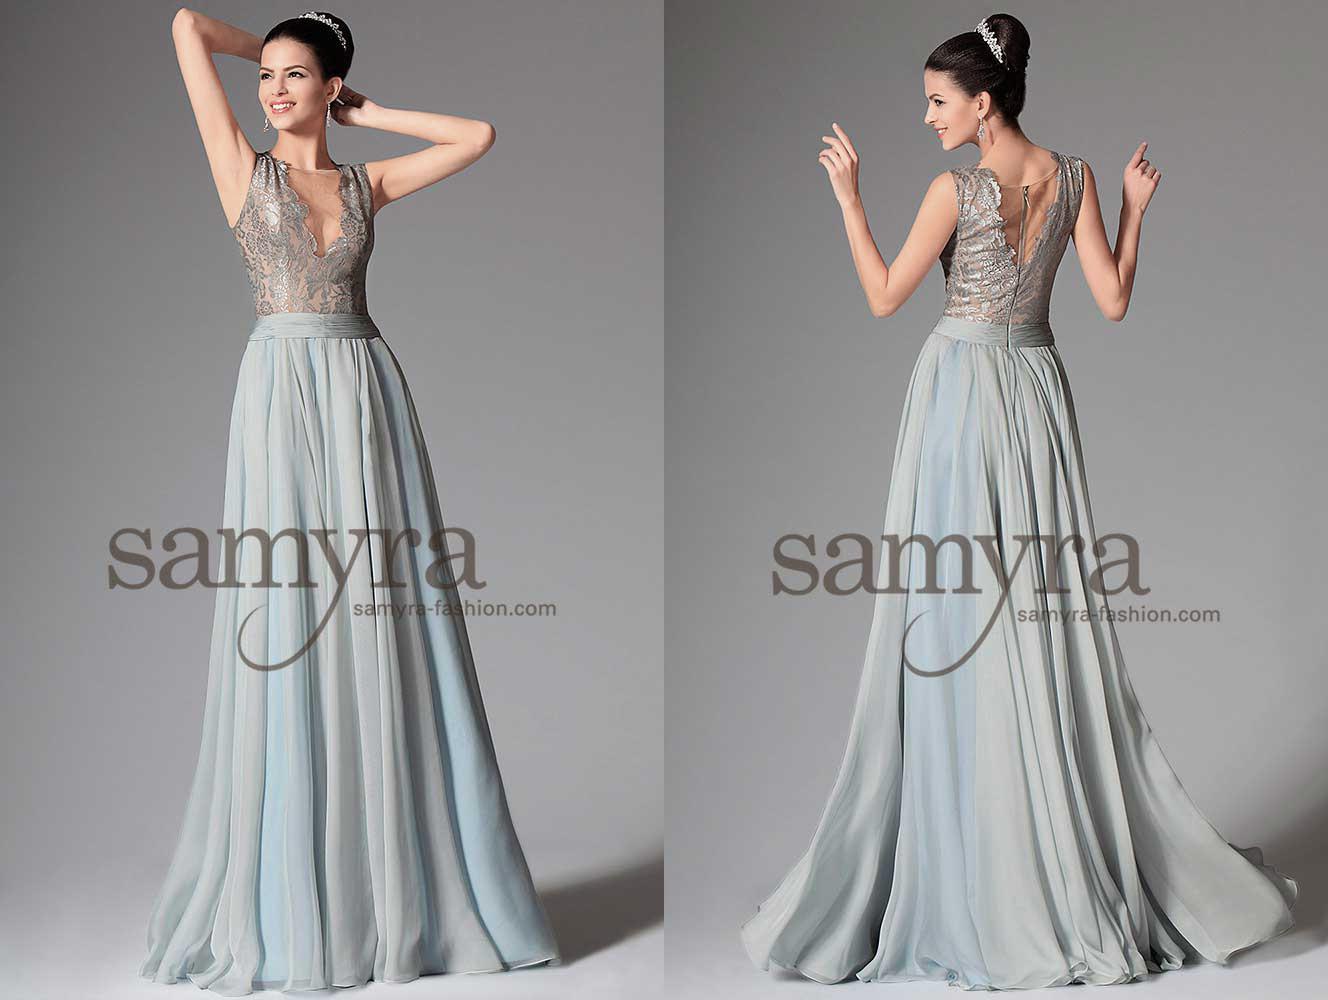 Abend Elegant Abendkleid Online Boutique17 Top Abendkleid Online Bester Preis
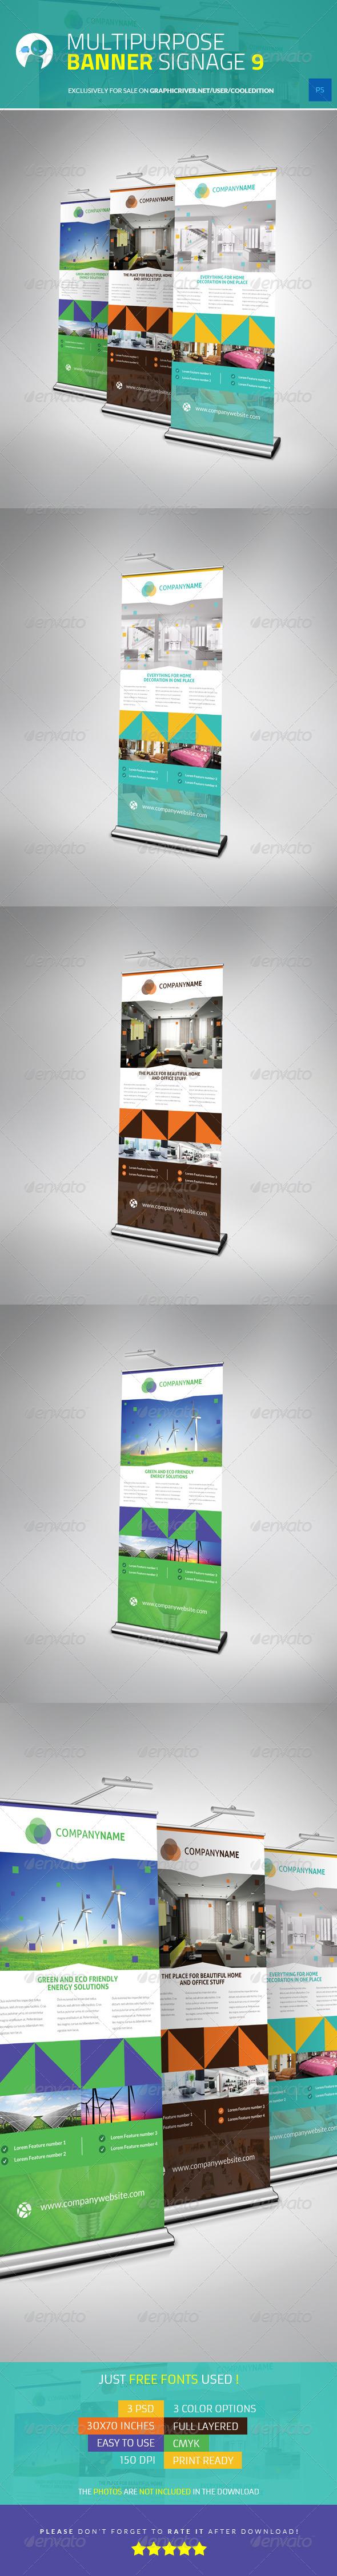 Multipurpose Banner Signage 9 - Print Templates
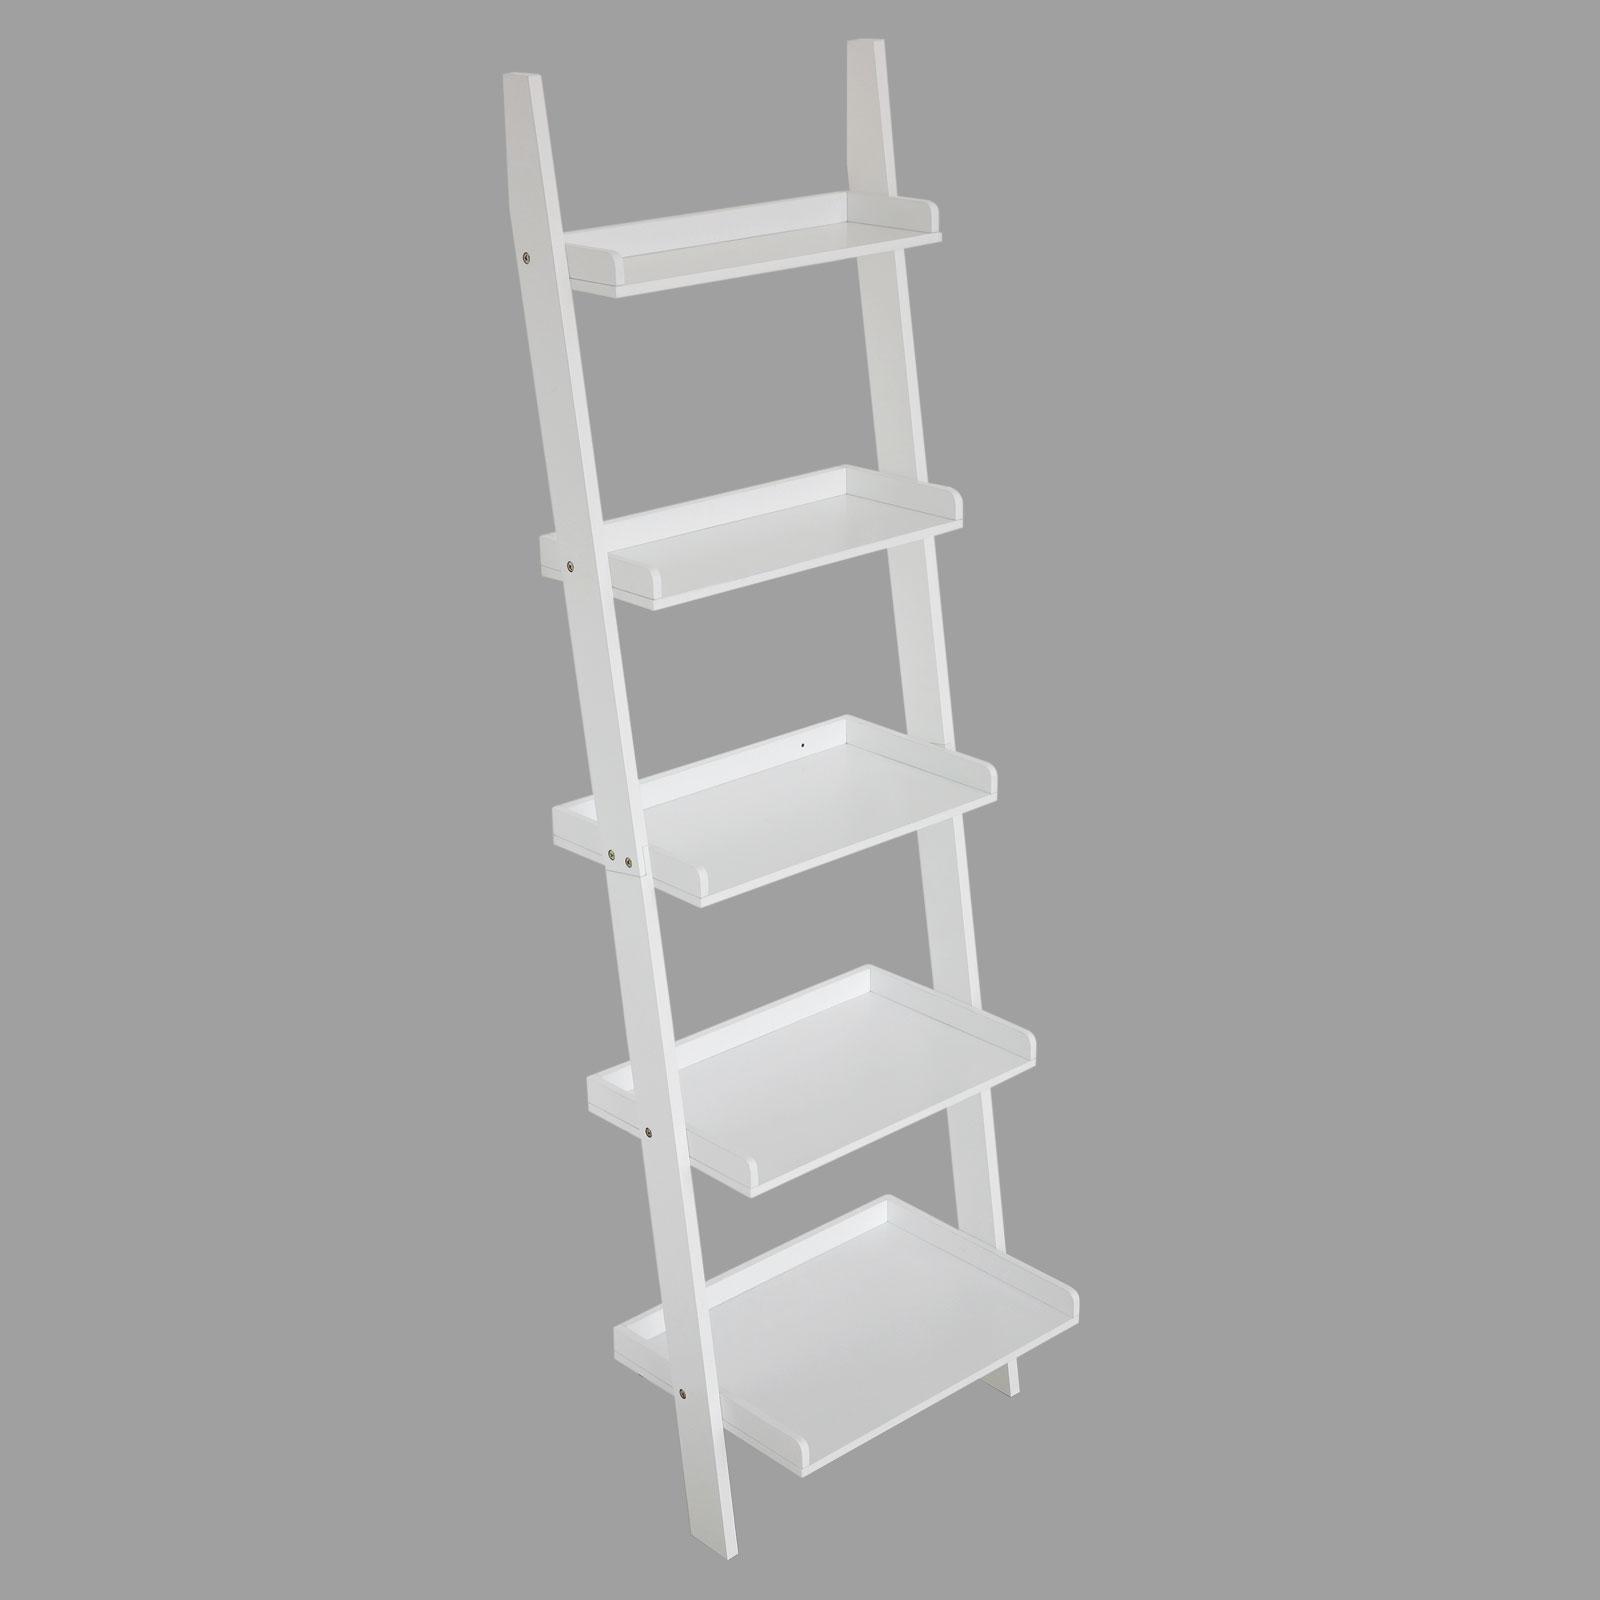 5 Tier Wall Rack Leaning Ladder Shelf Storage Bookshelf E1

##########

▸ **Instructions for the task**:
Leave out the pictures and give the listing above again exactly.

▸ **Solution to this task**:
 Abend Elegant Abendkleid Online Boutique17 Top Abendkleid Online Bester Preis
 Multipurpose Banner Signage 9 - Print Templates
 5 Tier Wall Rack Leaning Ladder Shelf Storage Bookshelf E1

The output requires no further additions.